The final source code can be seen below.

#include <WiFi.h>
#include <HTTPSServer.hpp>
#include <SSLCert.hpp>
#include <HTTPRequest.hpp>
#include <HTTPResponse.hpp>
 
using namespace httpsserver;
 
const char* ssid = "yourNetworkName";
const char* password =  "yourNetworkPassword";

SSLCert * cert;
HTTPSServer * secureServer;
 
void setup() {
 
  Serial.begin(115200);


  //----Generating the certificate----
  Serial.println("Creating certificate...");
   
  cert = new SSLCert();
 
  int createCertResult = createSelfSignedCert(
    *cert,
    KEYSIZE_2048,
    "CN=myesp.local,O=acme,C=US");
   
  if (createCertResult != 0) {
    Serial.printf("Error generating certificate");
    return; 
  }
 
  Serial.println("Certificate created with success");


  //----Connect to WiFi----
  WiFi.begin(ssid, password);
  
  while (WiFi.status() != WL_CONNECTED) {
    delay(1000);
    Serial.println("Connecting to WiFi..");
  }  
  
  Serial.println(WiFi.localIP());


  //----Configure server----
  secureServer = new HTTPSServer(cert);
 
  ResourceNode * nodeRoute1 = new ResourceNode("/route1", "GET", [](HTTPRequest * req, HTTPResponse * res){
    res->println("Route 1");
  });

  ResourceNode * nodeRoute2 = new ResourceNode("/route2", "GET", [](HTTPRequest * req, HTTPResponse * res){
    res->println("Route 2");
  });

  ResourceNode * nodeRoute3 = new ResourceNode("/route3", "GET", [](HTTPRequest * req, HTTPResponse * res){
    res->println("Route 3");
  });
 
  secureServer->registerNode(nodeRoute1);
  secureServer->registerNode(nodeRoute2);
  secureServer->registerNode(nodeRoute3);
 
 
  secureServer->start();
   
  if (secureServer->isRunning()) {
    Serial.println("Server ready.");
  }else{
    Serial.println("Server could not be started.");
  }
}
 
void loop() {
  
  secureServer->loop();  
  delay(10);
}

Testing the code

To test the previous code, simply compile it and upload it to your ESP32, using the Arduino IDE. Once the procedure finishes, open the IDE serial monitor.

The self signed certificate generation will take a while.
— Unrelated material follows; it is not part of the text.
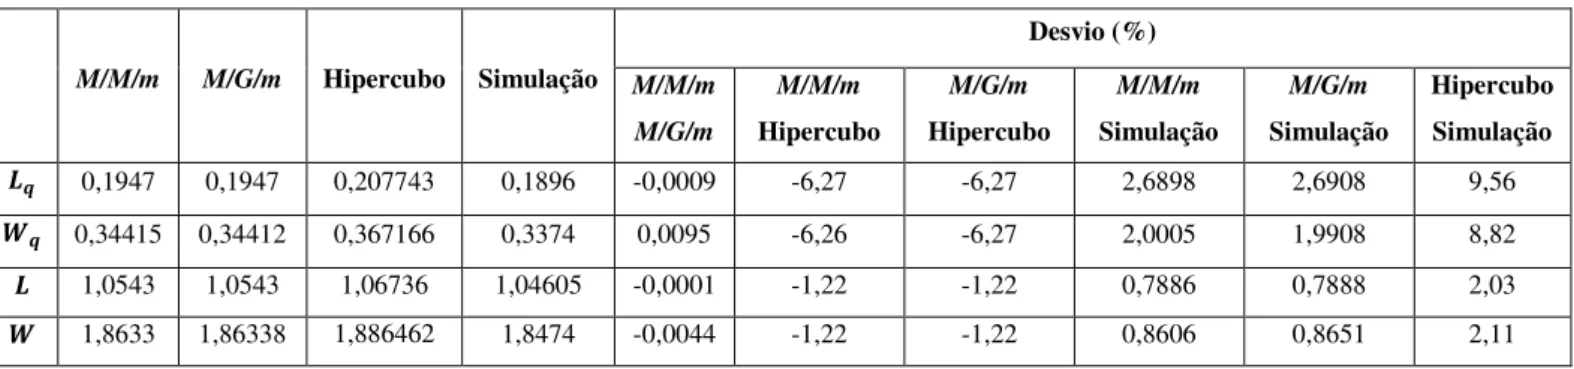 Tabela 15 – Resultados para os Modelos M/M/m, M/G/m, Hipercubo e de Simulação  M/M/m  M/G/m  Hipercubo  Simulação  Desvio (%)  M/M/m  M/G/m  M/M/m  Hipercubo  M/G/m  Hipercubo  M/M/m  Simulação  M/G/m  Simulação  Hipercubo Simulação

After that, the WiFi connection procedure should start. When it finishes, it should print an IP address. Copy it.

Then, open a web browser of your choice and type the following, changing #yourDeviceIp# by the IP you have just copied, and #route# by one of the route names we have defined in the Arduino code:

https://#yourDeviceIp#/#route#

Note that, as already mentioned, your browser should complain about some security issues, due to the fact that we are using a self signed certificate. You should choose to proceed.

Figure 1 shows the expected result for the route named “/route3“. The others will have a similar result, except for the message returned.

Note that even though the connection is marked as insecure due to the certificate not being issues by a trusted Certificate Authority, it is also indicated that the connection is encrypted and the resources are being served securely, as expected when using HTTPS.

Making HTTPS request to a server hosted by the ESP32, using Google Chrome.
Figure 1 – Accessing route 3 of the HTTPS server hosted by the ESP32.